Войнович — один из немногих писателей, которые умеют обращать обстоятельства собственной жизни в литературу. Ну что, казалось бы, можно извлечь из такой коллизии: влиятельный советский чиновник нацелился на квартиру писателя не только не чиновного, но опального и гонимого. Войнович извлекает сюжет для «Иванькиады», превращая амбициозного чиновника в нарицательный персонаж.
История отравления Войновича двумя кагэбэшниками в мае 1975 года была немедленно предана писателем гласности, вызвала бурную реакцию сочувствия и недоверия, но в книгу превратилась позже, когда Войнович все-таки выудил у «перестроившихся» «органов» признание.
Факты биографии часто служили сюжетной основой рассказов, которые звучали в 80-х в эфире радио «Свобода», придавая им живость и обаяние достоверности; позже они вошли в книгу «Антисоветский Советский Союз». Тема медицины в СССР иллюстрировалась душераздирающим эпизодом лечения отца, бесплатности жилья — описанием вагончиков, в которых автору приходилось жить, будучи путевым рабочим, общежитий и коммуналок…

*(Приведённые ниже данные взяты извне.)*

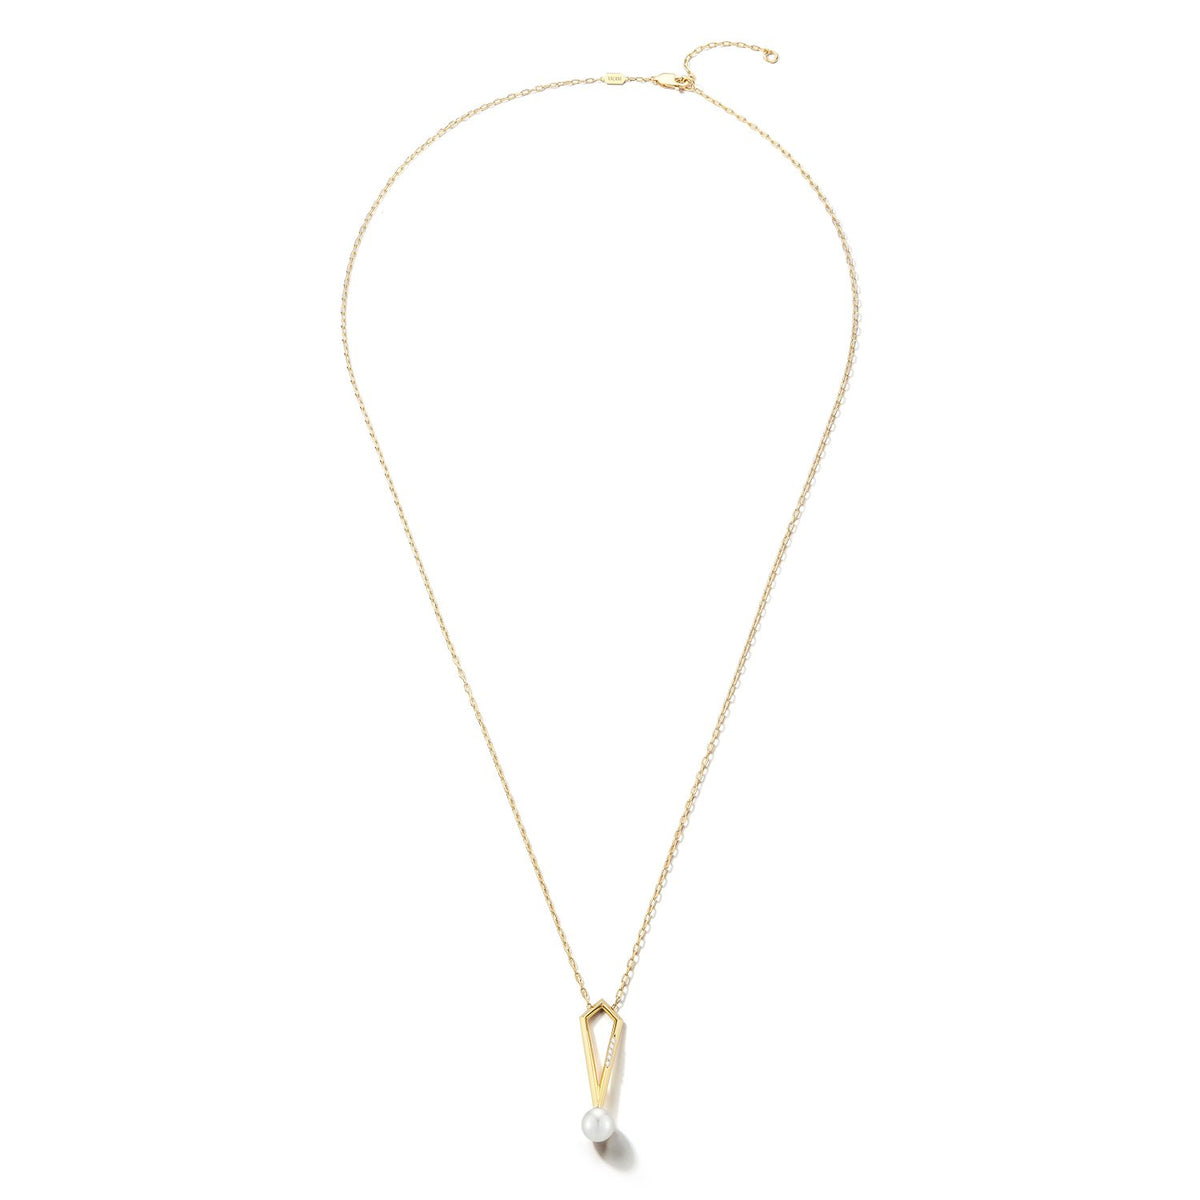 Valani 18K Yellow Gold Artem Pearl Necklace

Войнович мог вспомнить то очередь за пивом в Москве, то свой армейский опыт с его многочисленными печально-анекдотическими ситуациями вроде простодушного вопроса курсанта Васильева в 1953 году на уроке по политической подготовке: почему, дескать, в СССР евреев не расстреливают? Был там и рассказ про участкового милиционера, который ходил к автору, опальному писателю, интересуясь, где же он работает, и про то, как писатель, уезжая, сцепился с таможенниками, конфисковавшими его рукопись, и чуть не опоздал на самолет. Все вместе создавало выразительную картину жизни в СССР. Но внимательный читатель Войновича попутно легко мог воссоздать его биографию по тем вехам, которые расставлены в его книгах, эссе, интервью.
Можно было предположить, что новая книга впитает в себя все предыдущие автобиографические экскурсы, не говоря уже о мемуарных фрагментах, которые печатались в 2006 — 2007 годах в «Новых Известиях» под названием «Жизнь и необычайные приключения писателя Войновича (рассказанные им самим)». Но оказалось, это не совсем так.
Более того: ни история «квартирного вопроса», описанная в «Иванькиаде», ни история отравления, ставшая сюжетом книги «Дело № 34840», в «Автопортрет» не вошли: автор ограничивается несколькими фразами и отсылает читателя к упомянутым книгам. Нов и принцип построения повествования.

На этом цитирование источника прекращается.